◆ Your assignment ◆
Please, without any pictures, transcribe the lines from the one holding "ADIDAS ORIGINALS Džemperis" to the end of the listing, both ends included.

◆ Given data ◆
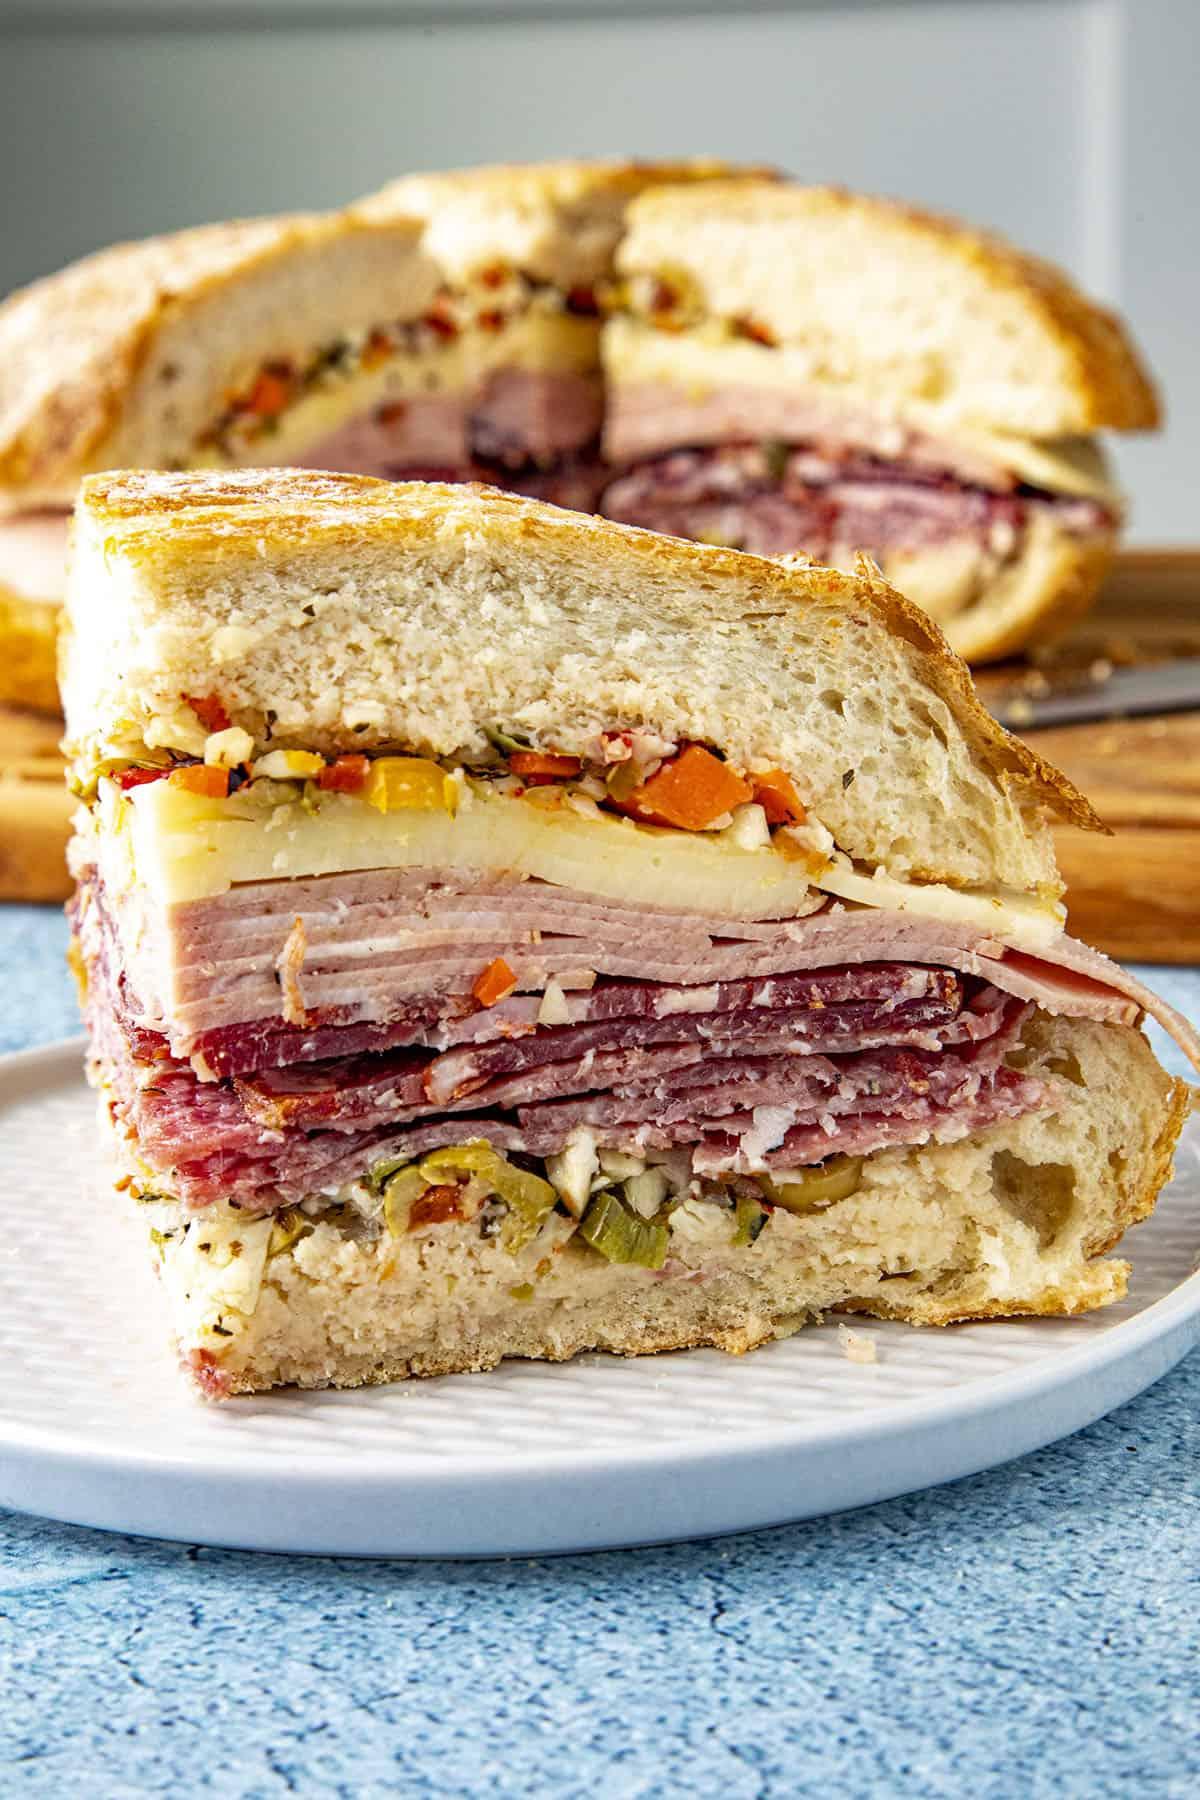 A slice of a Muffaletta sandwich
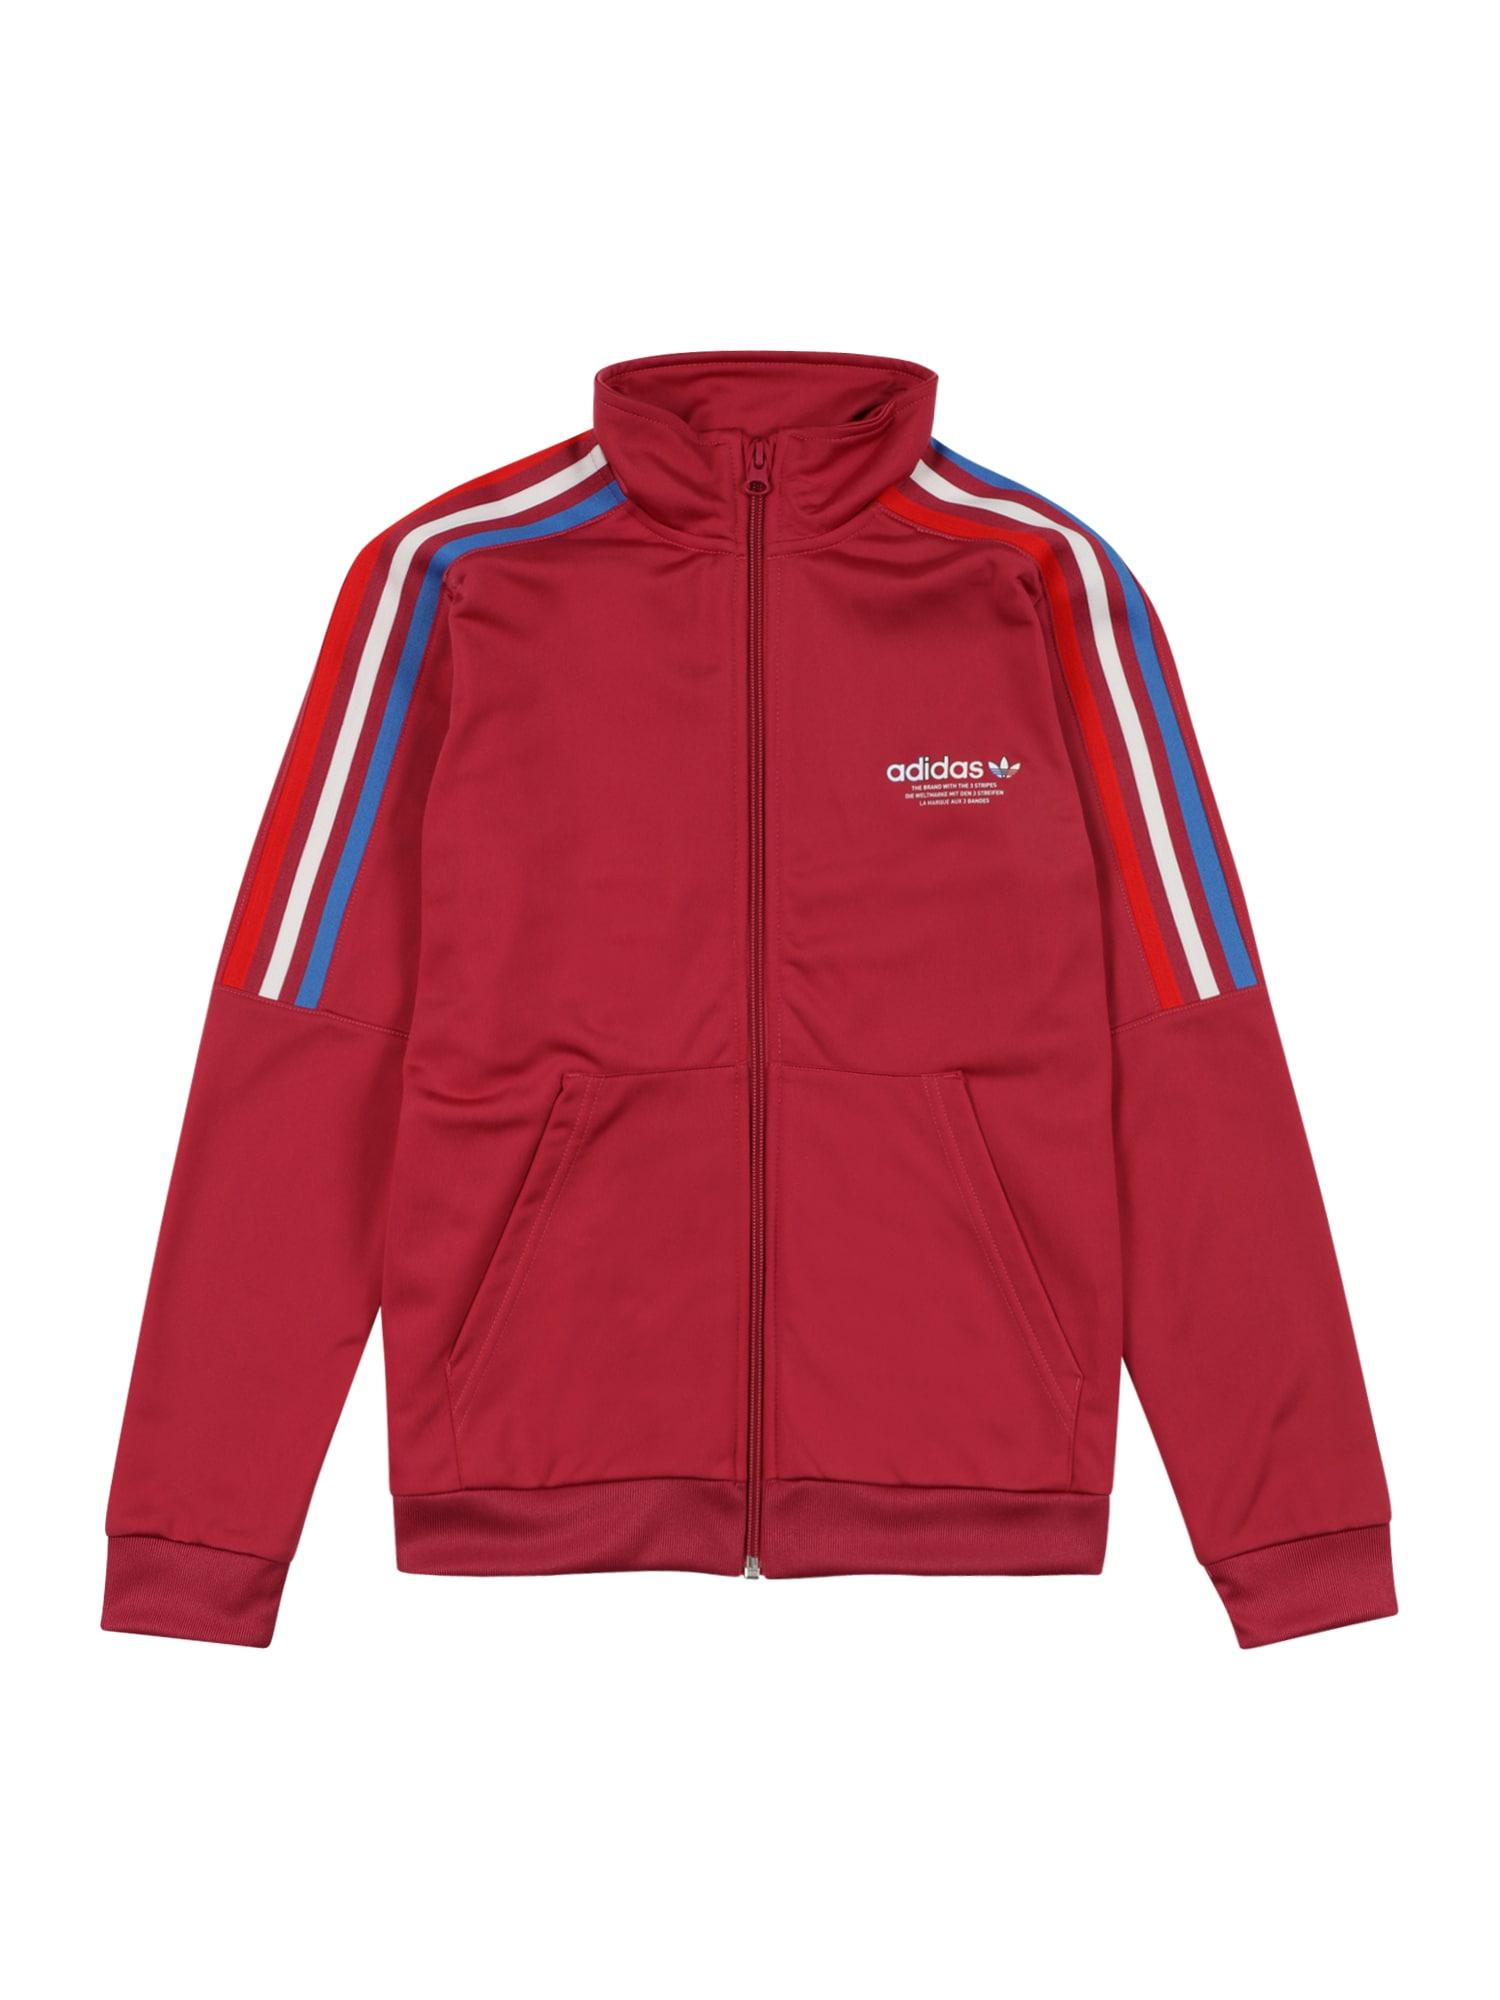 ADIDAS ORIGINALS Džemperis 'Adicolor Originals' rožinė / balta / raudona / mėlyna
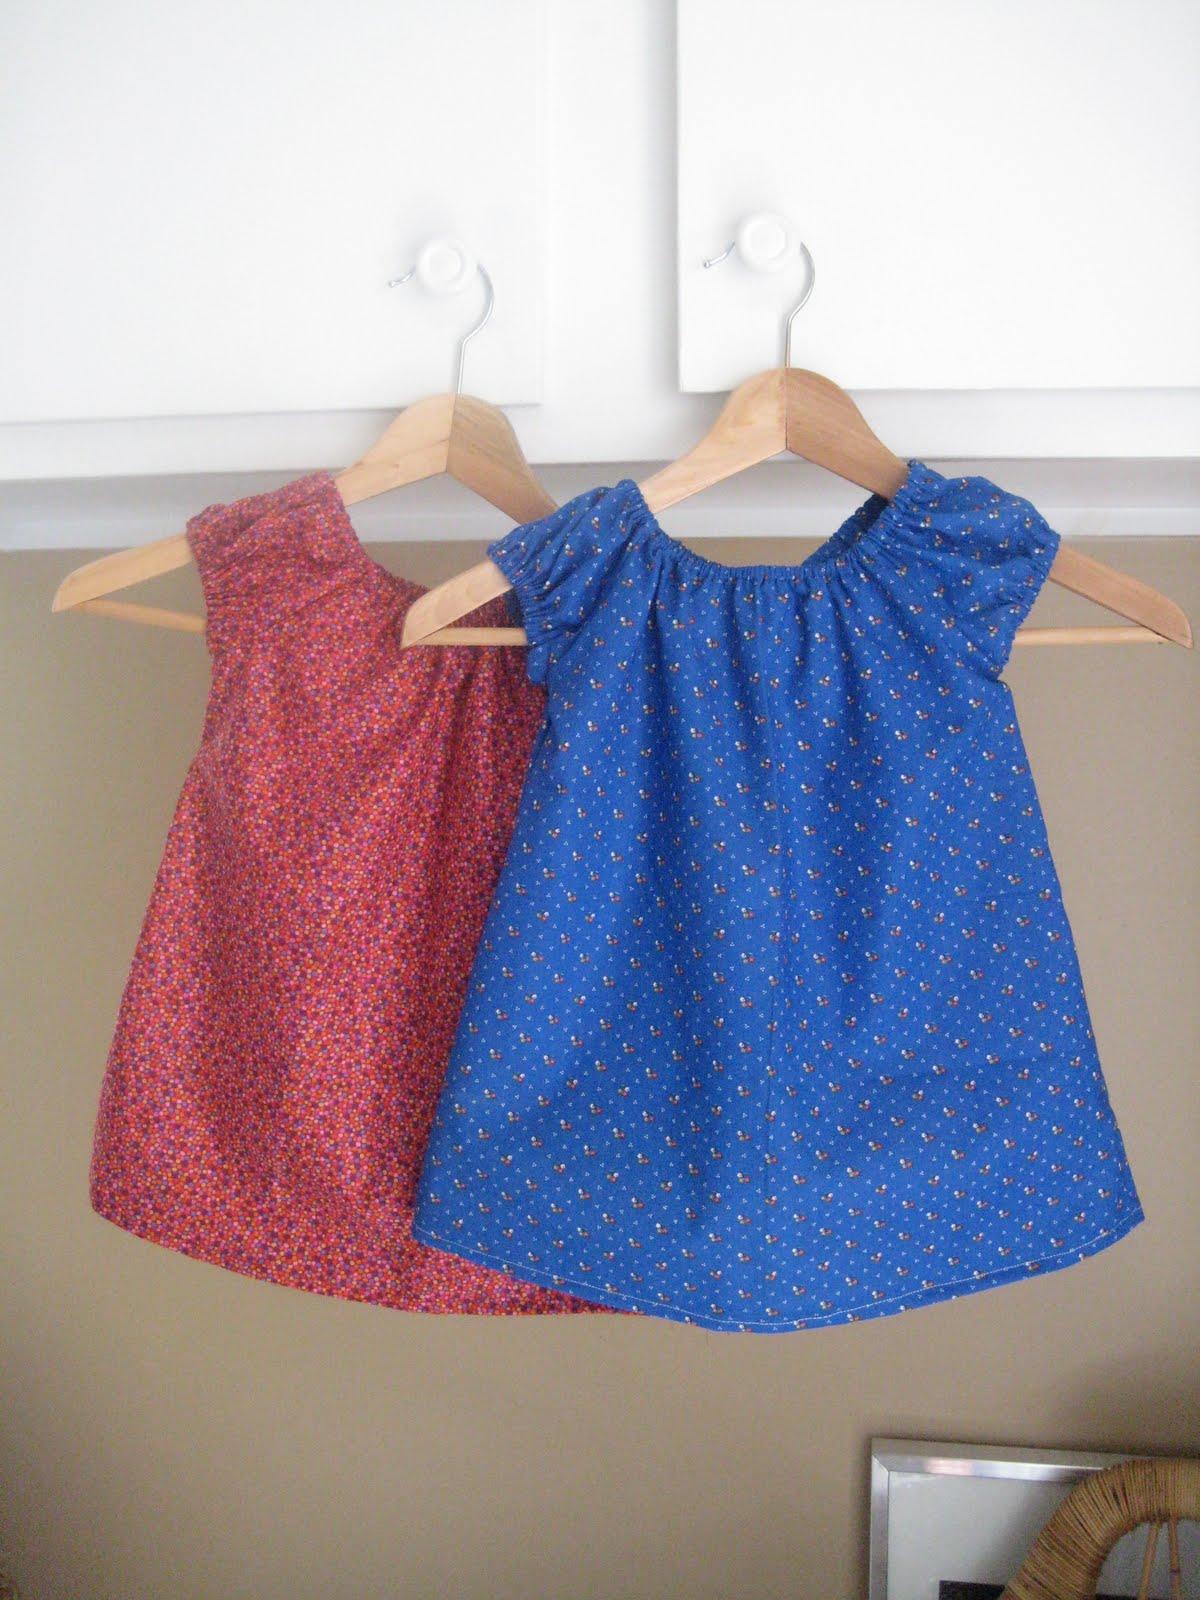 http://2.bp.blogspot.com/_MKK0mUiM8II/S_GRwOzCusI/AAAAAAAAAzE/nqIetqglRuI/s1600/Dresses1.JPG

◆ Answer section ◆
 ADIDAS ORIGINALS Džemperis 'Adicolor Originals' rožinė / balta / raudona / mėlyna
 http://2.bp.blogspot.com/_MKK0mUiM8II/S_GRwOzCusI/AAAAAAAAAzE/nqIetqglRuI/s1600/Dresses1.JPG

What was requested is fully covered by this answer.